Better quality cameras and on-board electronics could help solve this problem, write Berlinger and colleagues, but adding additional sensor types could also be a solution.
Ultimately, Berlinger and colleagues are encouraged by how robots like these could improve research missions deep under the sea, from coral reefs to sunken ships.
"The underwater domain is still largely unexplored in general, but especially when it comes to robotics where many more solutions exist for operations on land and in air," said Berlinger.
"With our implicit and minimalistic approach for inter-robot coordination, we present an alternative pathway for robust and adaptive underwater swarm operations."

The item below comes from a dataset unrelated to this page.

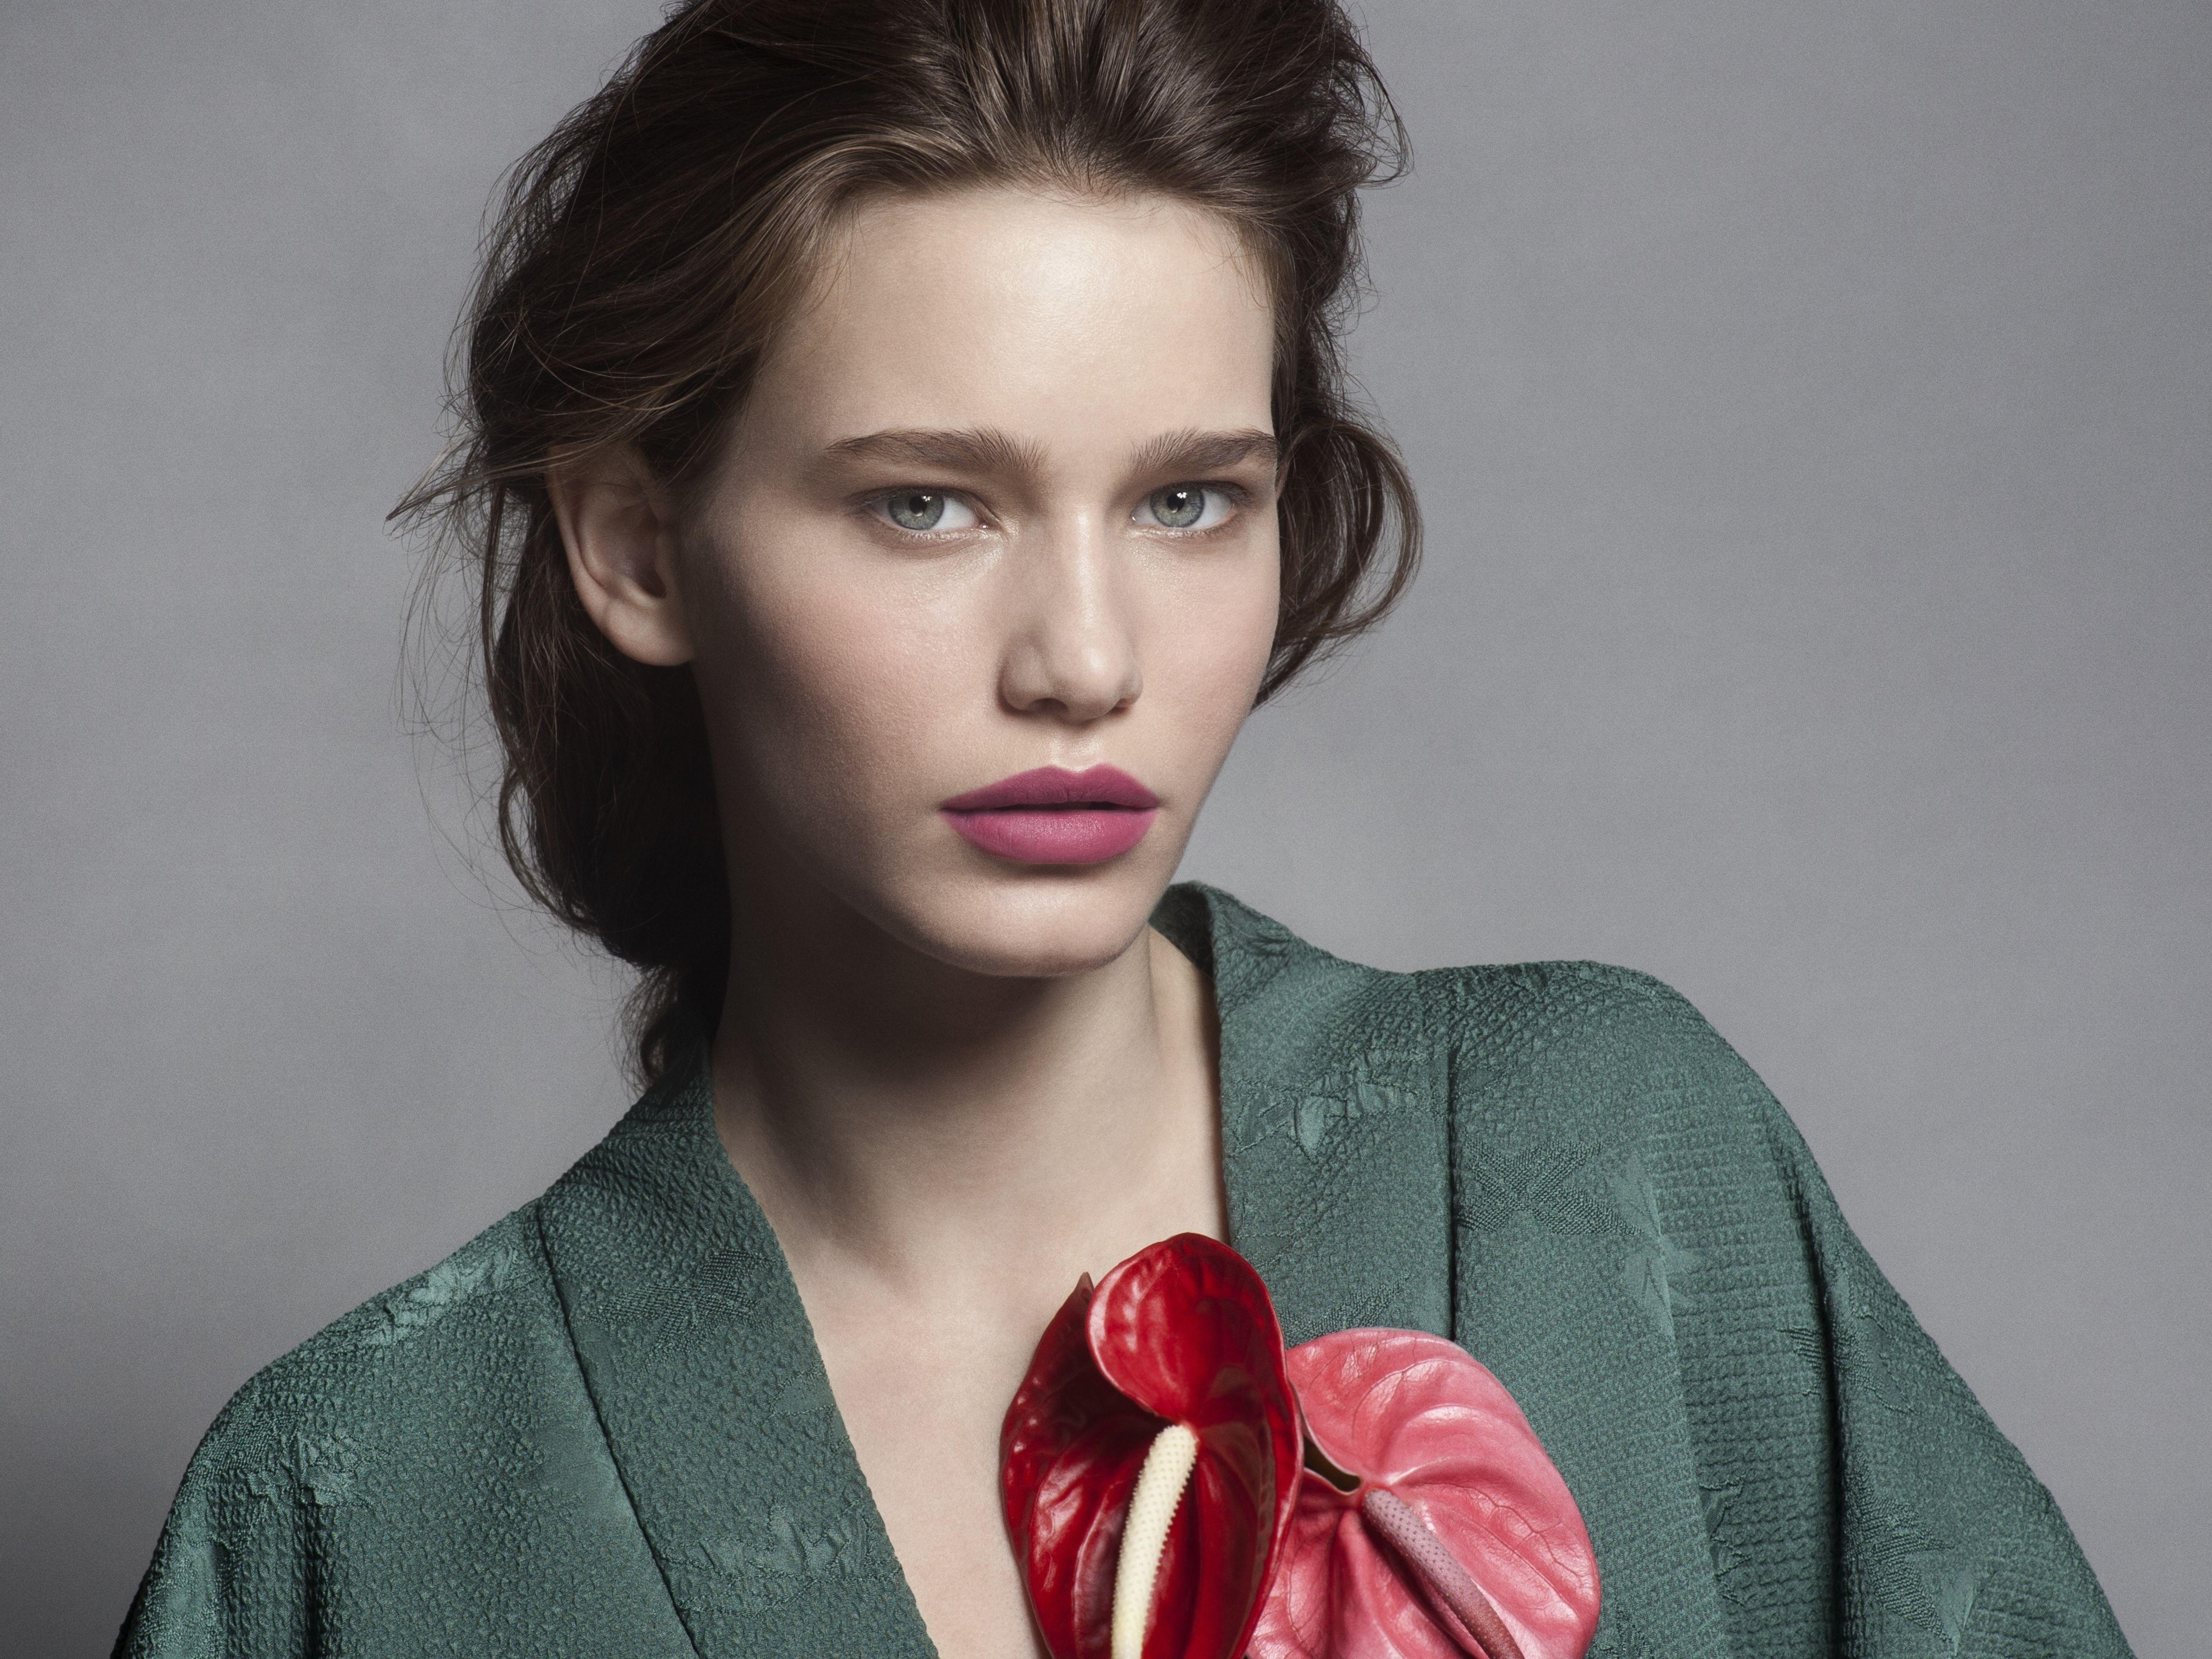 Lipstick empower jgmdb1
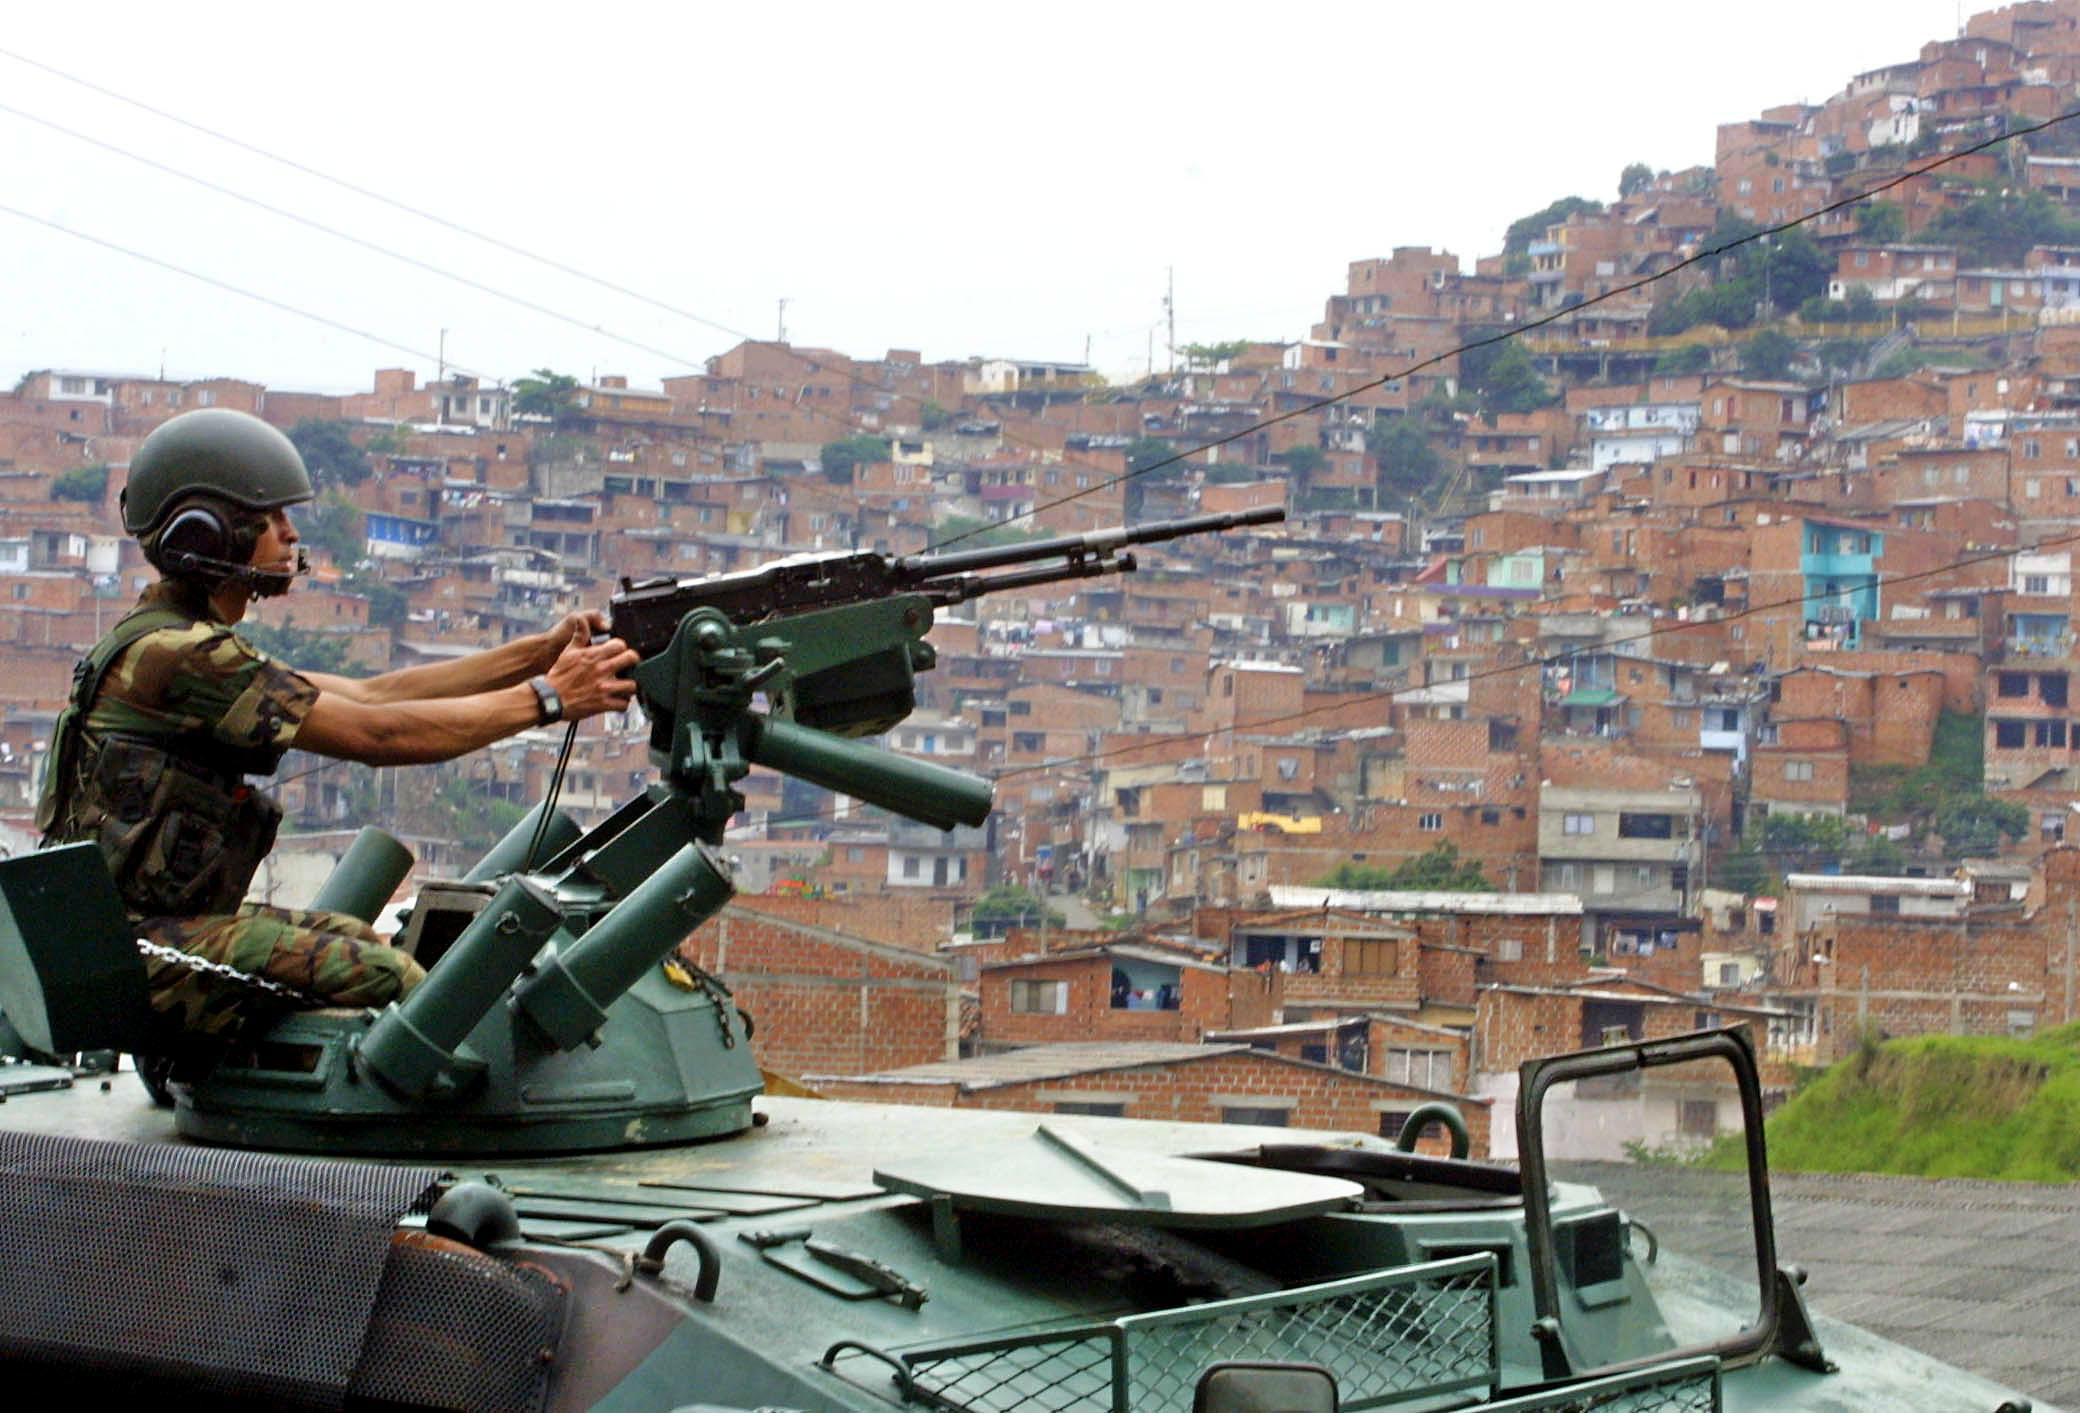 Operación Orión: ¿verdades contadas a medias? | La FM

Abstract: Many fish species gather by the thousands and swim in harmony with seemingly no effort. Large schools display a range of impressive collective behaviors, from simple shoaling to collective migration and from basic predator evasion to dynamic maneuvers such as bait balls and flash expansion. A wealth of experimental and theoretical work has shown that these complex three-dimensional (3D) behaviors can arise from visual observations of nearby neighbors, without explicit communication. By contrast, most underwater robot collectives rely on centralized, above-water, explicit communication and, as a result, exhibit limited coordination complexity. Here, we demonstrate 3D collective behaviors with a swarm of fish-inspired miniature underwater robots that use only implicit communication mediated through the production and sensing of blue light. We show that complex and dynamic 3D collective behaviors—synchrony, dispersion/aggregation, dynamic circle formation, and search-capture—can be achieved by sensing minimal, noisy impressions of neighbors, without any centralized intervention. Our results provide insights into the power of implicit coordination and are of interest for future underwater robots that display collective capabilities on par with fish schools for applications such as environmental monitoring and search in coral reefs and coastal environments.